Effects of grassland plant species diversity, abundance, and composition on foliar fungal disease

Charles E. Mitchell, David Tilman, James V. Groth

Research output: Contribution to journalArticlepeer-review

281 Scopus citations


In an experiment that directly manipulated grassland plant species richness and composition, decreased plant species richness ("diversity") increased pathogen load (the percentage of leaf area infected by species-specific foliar pathogens across the plant community) in 1998. Pathogen load was almost three times greater in the average monoculture than in the average plot planted with 24 grassland plant species, an approximately natural diversity. Eleven individual diseases increased in severity (percentage of leaf area infected by a single disease) at lower plant species richness, and severity of only one disease was positively correlated with diversity. For 10 of the 11 diseases whose severity was negatively related to diversity, disease severity was positively correlated with host abundance, and in six of these cases, species diversity had no effect on disease severity after controlling for the effects of host abundance.

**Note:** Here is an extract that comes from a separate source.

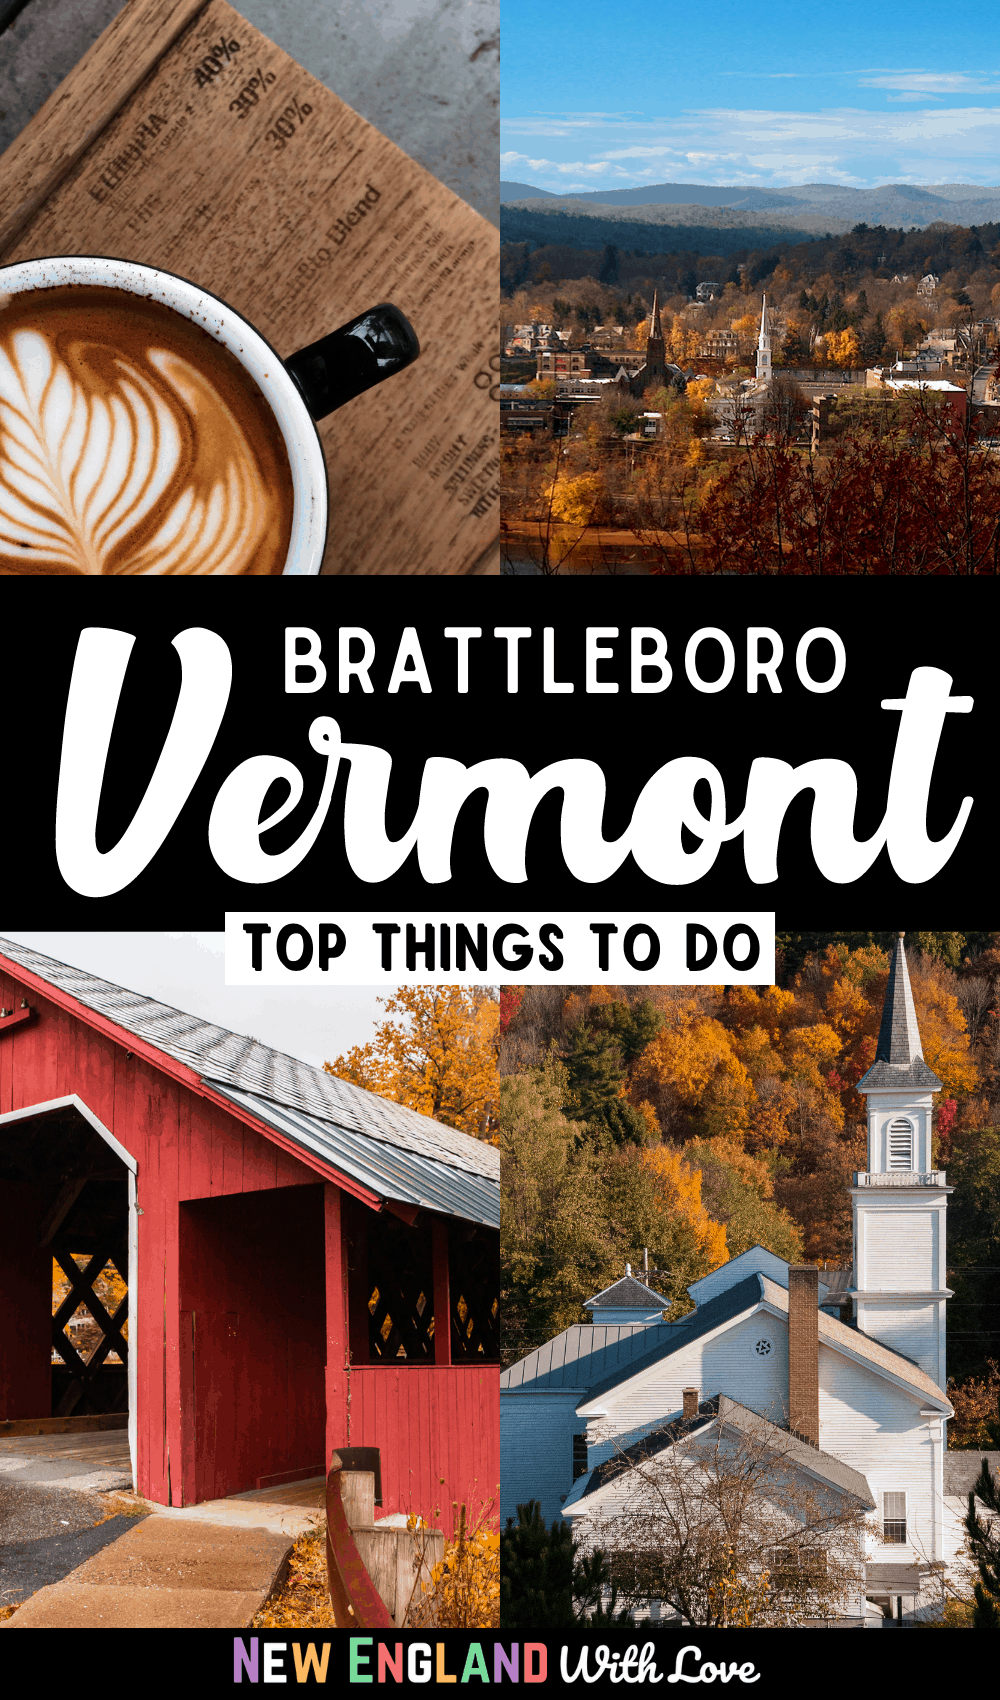 Pinterest graphic reading "BRATTLEBORO Vermonyt TOP THINGS TO DO"

These results suggest that increased abundances of individual host species at lower species diversity increased disease transmission and severity. In 1996 and 1997, similar results for a smaller number of diseases sampled were found in this experiment and another similar one. Although the effect of diversity on disease was highly significant, considerable variance in pathogen load remained among. plots of a given diversity level. Much of this residual variance was explained by community characteristics that were a function of the species composition of the communities (the identity of species present vs. those lost). Specifically, communities that lost less disease-prone species had higher pathogen loads; this effect explained more variance in pathogen load than did diversity. Also, communities that lost the species dominant at high diversity had higher pathogen loads, presumably because relaxed competition allowed greater increases in host abundances, but this effect was weak. Among plant species, disease proneness appeared to be determined more by regional than local processes, because it was better correlated with frequency of the plant species' populations across the region than with local abundance or frequency across the state. In total, our results support the hypothesis that decreased species diversity will increase foliar pathogen load if this increases host abundance and, therefore, disease transmission. Additionally, changes in community characteristics determined by species composition will strongly influence pathogen load.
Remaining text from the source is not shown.